Monday, March 31, 2008

Another March Post

I found this interesting medical blog a couple months back. I have been meaning to link to it for some time now. I believe the best article I have read from it is this one. It talks about the problems between doctors and patients arising from differences in perspective. Of course, this is more about American health care than anything else. The blog often critiques various alternative medicine (including homeopathy, life energy stuff, acupuncture, chiropractic etc.) techniques. I think it's a valuable resource because in my younger days I was given to understand that some alternative medicine is legit. After spending some time studying the persuasive mumbo jumbo of "traditional healers" and remembering some of the things I have heard advocates of alternative medicine say I am convinced that most of them are frauds. The rest are well meaning quacks. The bottom line is that they advocate for treatments which are not based on science or any kind of clinical trials. Some of these treatments have been around for a couple hundred years without adjusting to the current body of biological knowledge. Don't be fooled.

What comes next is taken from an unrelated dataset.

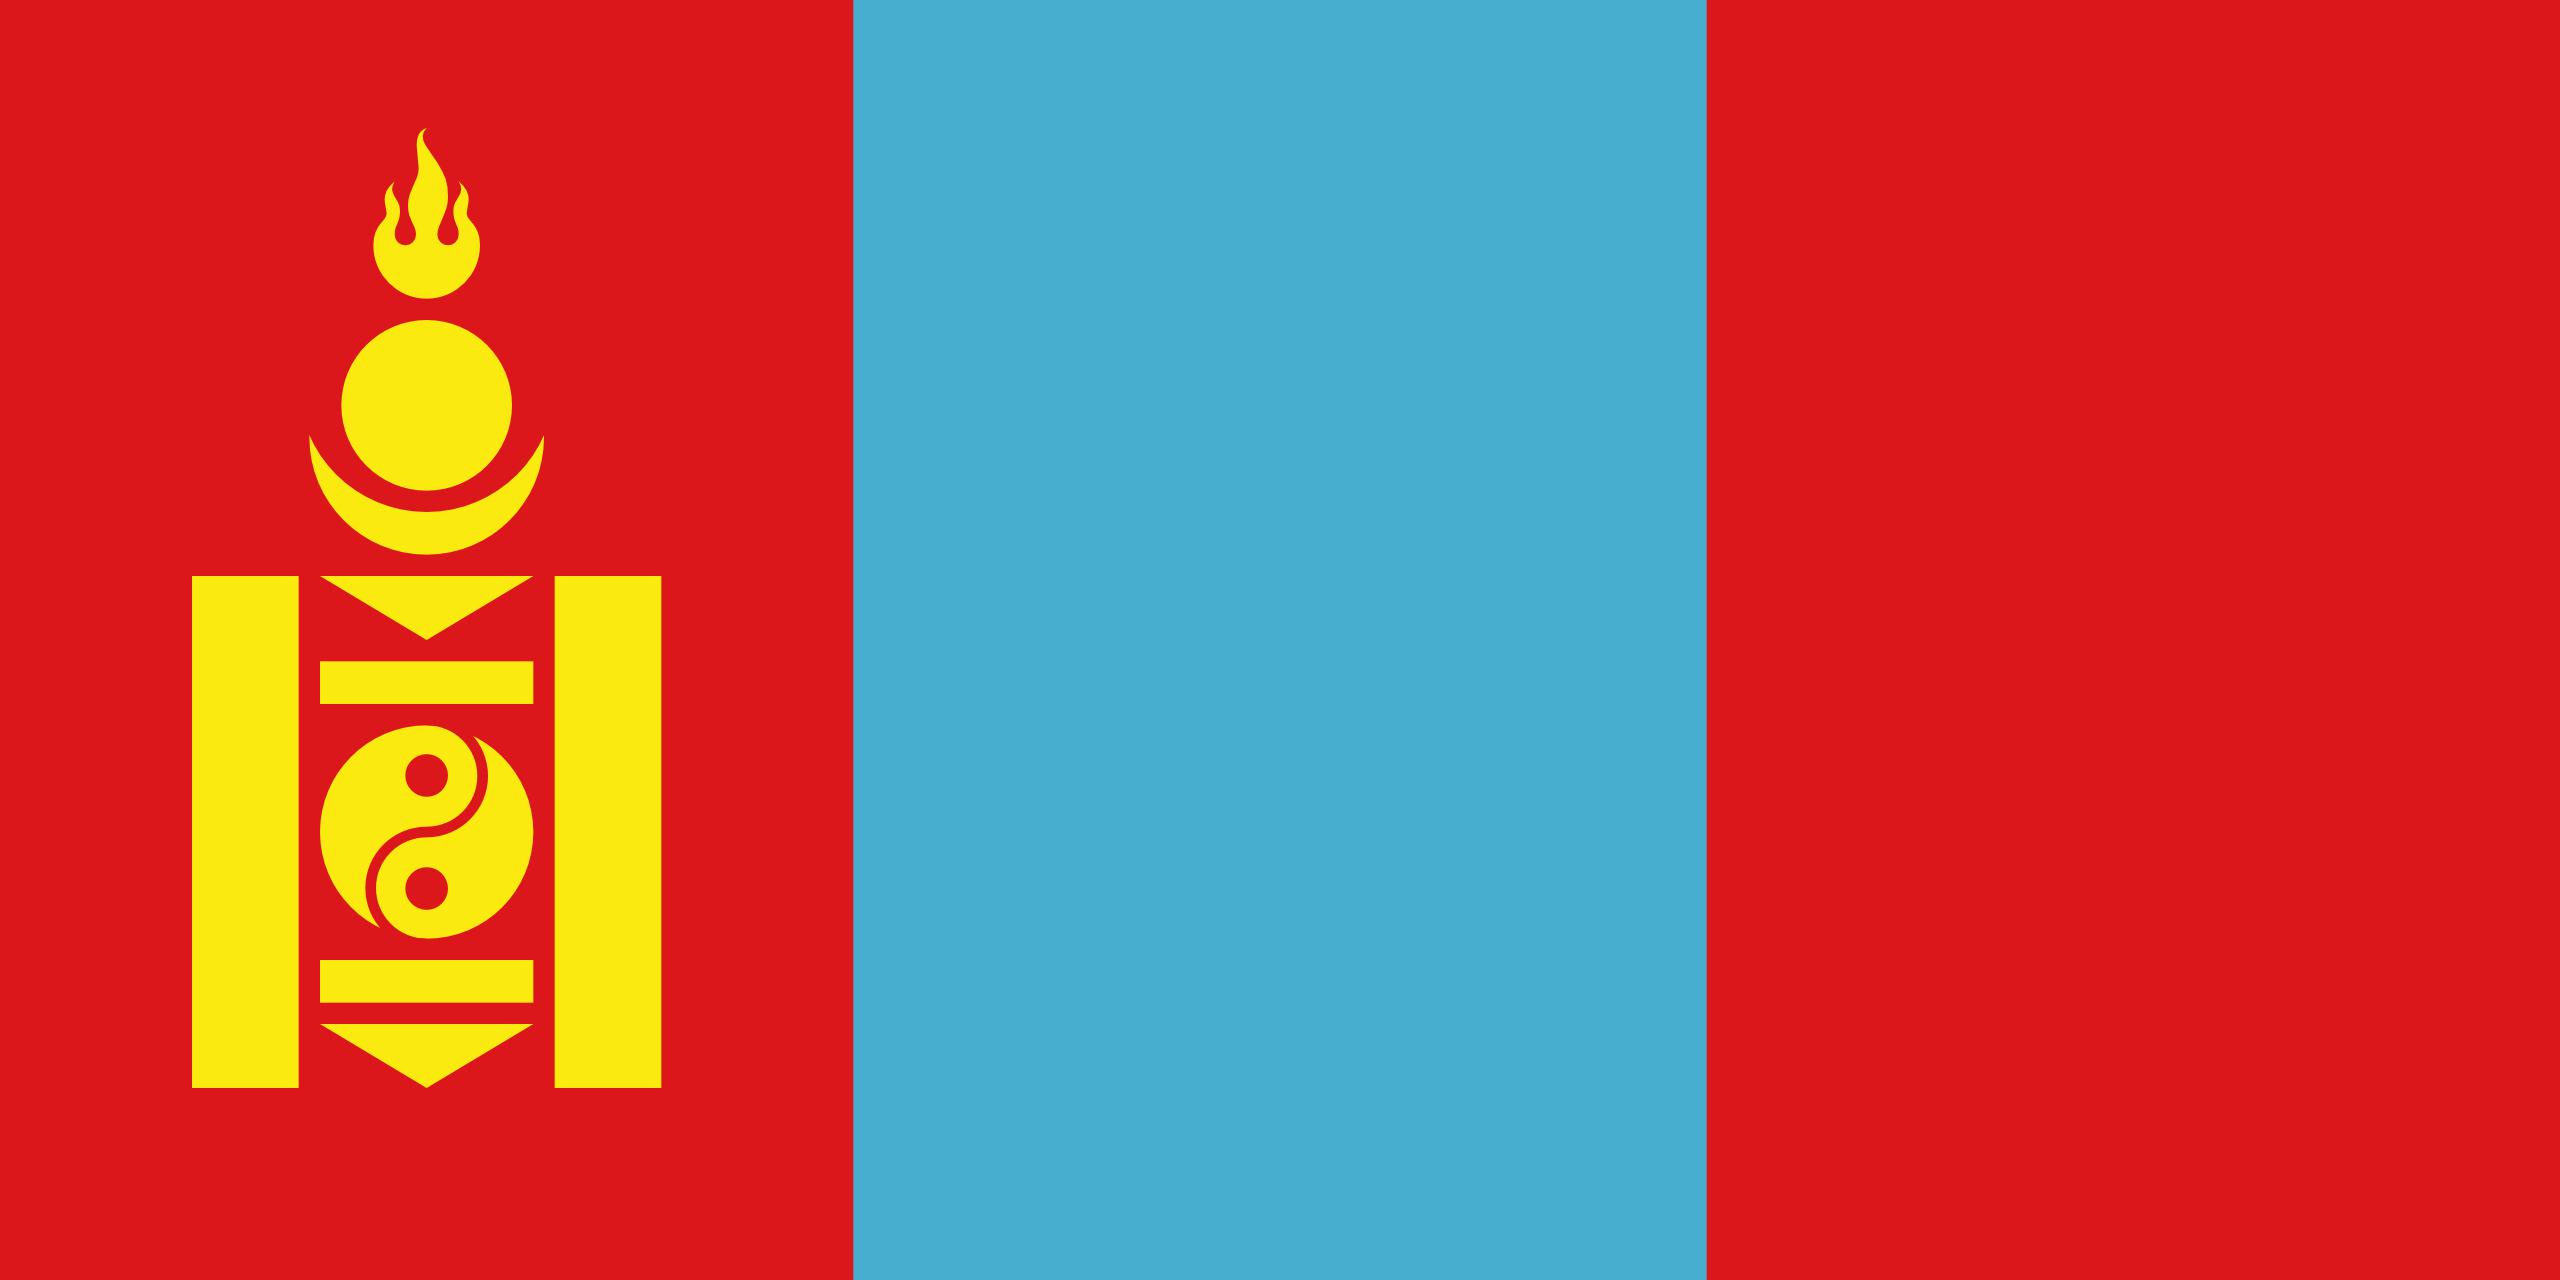 mongolia, 国家, 会徽, 徽标, 符号 - 高清壁纸 - 教授-falken.com

The problem still remains, however, of the impersonal and rigid manner in which medical doctors treat patients. I have to say the eye rolling thing some doctors do when a patient refuses a treatment is just plain annoying. I hate it when my doctor corrects me before I have finished my thought. Not that he does that very often, he's a pretty nice guy. But still I am not some idiot patient who isn't going to listen to the doctor because I think he's in some sort of conspiracy to poison me. Something else I dislike about doctors is when they fail to finish their thought. They say something like, "Maybe you've had asthma for years and didn't know it." Then they stop and never explain the statement. So annoying. Then there's the propensity to treat people like they are hypochondriacs if their symptoms do not match with others. Who doesn't hate that? Why can't doctors assume that some of us just don't fit into the definitions of normal? I, for example, rarely have side effects from medications other than dry mouth. It's weird, but it's me. However, I did have a very bad reaction to a certain asthma med known as Singulair. Several times my doctor has asked me what happens when I take Singulair because I listed in my profile that I am allergic to it. After I get done explaining that it causes me to have asthma attacks he gives me this look which says, "I don't quite believe you." I would add that my doctor is probably one of the nicest MDs I have ever met. If even he has some of the annoying tendencies than it is no wonder people are often inclined to seek out methods of treatment based more on the personality administering the treatment than the science -- or lack thereof -- behind it.

2 comments:

Amber said...

I'm pretty sure I've heard of legal matter about Singulair...although I can't remember what it was about specifically. Seems it has caused bad things though!

Esther said...

Yeah, but that has something to do with suicidal ideation. I didn't have a psychological response to it, I just almost died from asthma attacks. That's the thing with asthma: meds need to be very specific because something that helps one person could kill another.